Cancer of the penis is a rare genitourinary malignancy with a low incidence in Europe and North America (<1 per 100,000), but with a significant presence in South America, Southeast Asia, and Africa, where there is an annual incidence of 2.3 to 8.3 per 100,000 (1). The majority of the malignant penile tumors are classified as squamous cell carcinoma and originate from the inner prepuce, sulcus, or the glans of men in their sixth decade of life. The presence of phimosis and uncircumcised foreskin is strongly associated with penile cancer (odds ratio 11.4) (2). This cancer carries a poor prognosis once it has metastasized and reached advanced stages, but local occurrences can be cured in up to 80% of cases.


Prevention strategies play a unique role in penile cancer management. The majority of the known risk factors are patient dependent and modifiable. For instance, cigarette smoking, presence of uncircumcised foreskin, phimosis, and chronic inflammation have all been identified as common and important risk factors for the development of penile cancer. All of these factors can be modified and controlled with corresponding reduction in the relative risk of associated cancer. The practice of circumcision has been shown to reduce the incidence of penile cancer, but the benefit is only detected when it is performed in the neonatal or prepubertal period, and not during adulthood (2). Indeed, the incidence of penile cancer is lower in regions where the practice is common in neonates. Human papillomavirus (HPV) infection has also been shown to have a clear association with genital warts and genital cancers in both men and women. The advent of the HPV vaccine has led to a substantial decrease 280in HPV related cancers in women. Although studies have yet to show a similar decrease in men, it can be inferred that increasing HPV vaccination rates among men could greatly reduce the incidence of penile cancer (3). However, in many areas penile cancer is also associated with poor socioeconomic status, and this is perhaps one of the strongest barriers against the implementation of effective prevention strategies.

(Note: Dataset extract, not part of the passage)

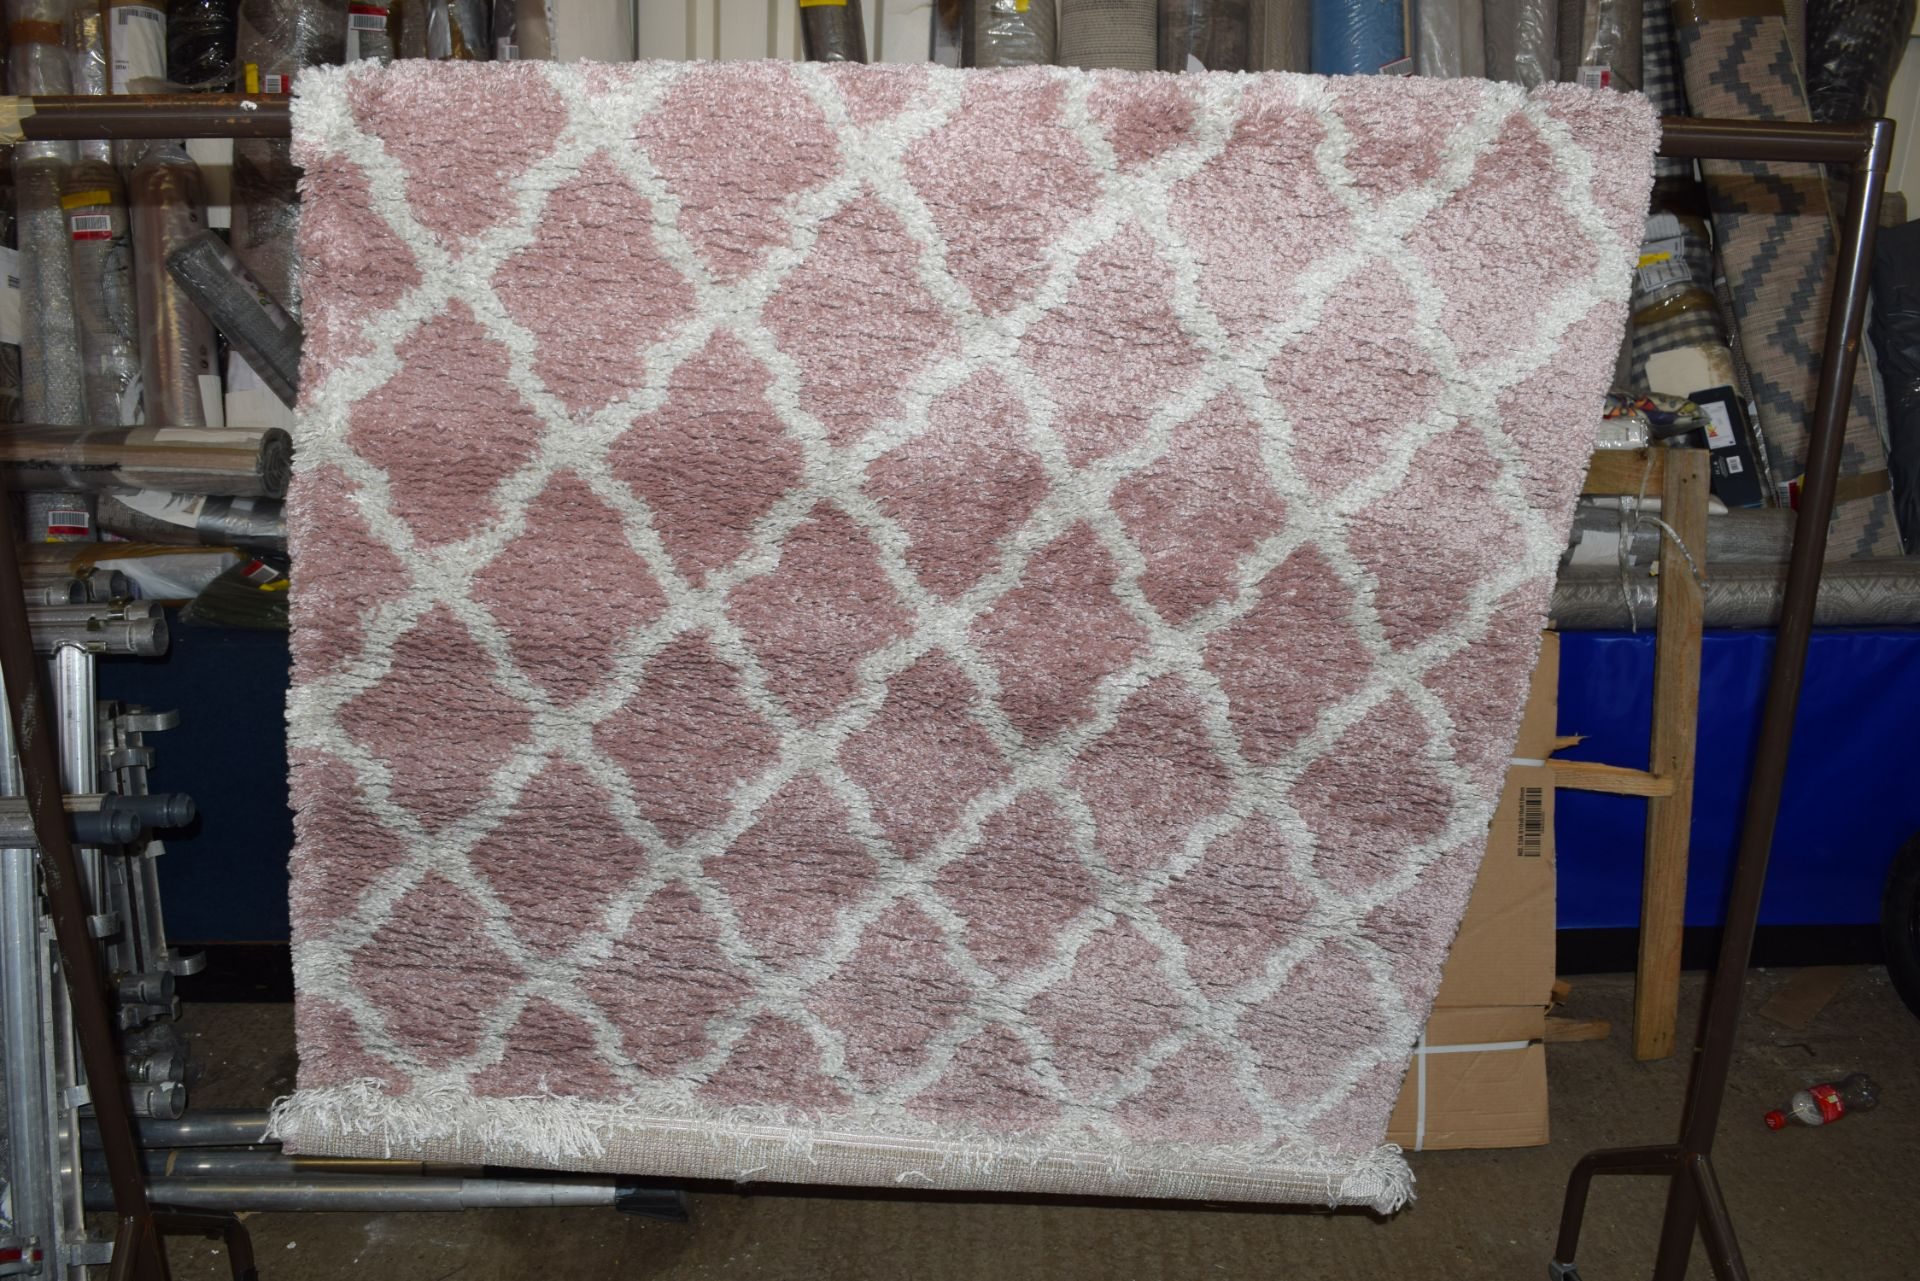 Desire rug, pink/cream, 120 x 170cm - Image 2 of 2

Treatment for penile cancer has evolved in recent years. With greater concern for preservation of both the urinary and sexual function, and also increasing awareness and attention to the psychological impact of the disease, a series of new techniques have been adopted in the management of these tumors. Especially in the early stages of the disease, less invasive surgical strategies were developed to address both the primary tumor and the regional lymph nodes. The goal was to maintain the oncological adequacy of treatment while reducing the morbidity of the radical surgical resections (4). This is a critical aspect related to the quality of life of penile cancer survivors, and is greatly impacted by the type of treatment that they receive. In patients undergoing minimally invasive procedures such as laser ablation or glansectomy, sexual function is maintained in a good proportion of the penile cancer survivors, reported to be 100% and 79%, respectively. After partial penectomy, although over 50% of patients still reported enough erectile function to allow sexual intercourse, there was a marked reduction in sexual satisfaction (2). In total penectomy patients, phallic reconstruction is the only option for regaining sexual function. Whichever treatment is chosen, practitioners should pay special attention to their patients’ psychosocial needs during the management of this disease. Most treatment providers don’t spend much time discussing sexual function and assessing feelings of shame or inadequacy after treatment, but these issues must be addressed for patients to regain their quality of life. As part of a multidisciplinary team approach, psychological assessment before treatment and during the continued follow-up period is a critical component in this population.


Recurrence rates depend on the disease stage at presentation and the chosen method of treatment. Local recurrence is highest when associated with organ-preserving treatment strategies, with a rate of up to 27% in the first 2 years. Therefore, it is imperative that these patients have a close surveillance 281follow-up during the first 2 to 3 years after treatment. For patients undergoing partial penectomy, the risk of local recurrence is much lower, at 4% to 5%. Nodal recurrence rates are very low in patients with negative nodes after invasive staging (2.3%), while in those with positive nodes without adjuvant treatment the risk is as high as 19% (2). Recurrence in the inguinal region represents very poor prognosis, with median survival less than 6 months. Pelvic lymph node metastasis is an ominous finding, with a 5-year survival of 10% (5, 6). Overall, most recurrences will occur within the first 2 years (74%) and almost all within the first 5 years of follow-up after treatment (92.2%). For this reason, the European Association of Urology recommends that all patients undergo follow-up for at least 5 years, with a more intensive period in the first 2 years.


An adequate follow-up schedule is dictated by the initial stage of the primary tumor, the status of regional lymph nodes, and the initial treatment modality received. In all patients it should include a clinical exam of the penis and the bilateral inguinal regions. Routine imaging may not be indicated in patients with early stage of disease and negative groins, but it may help in obese patients where physical examination is limited, or upon positive clinical findings. For patients with N2 or N3 disease, routine imaging of chest, abdomen, and pelvis is recommended at regular intervals (3–6 months) in the first 2 years of follow-up and at the discretion of the treating physician thereafter (2).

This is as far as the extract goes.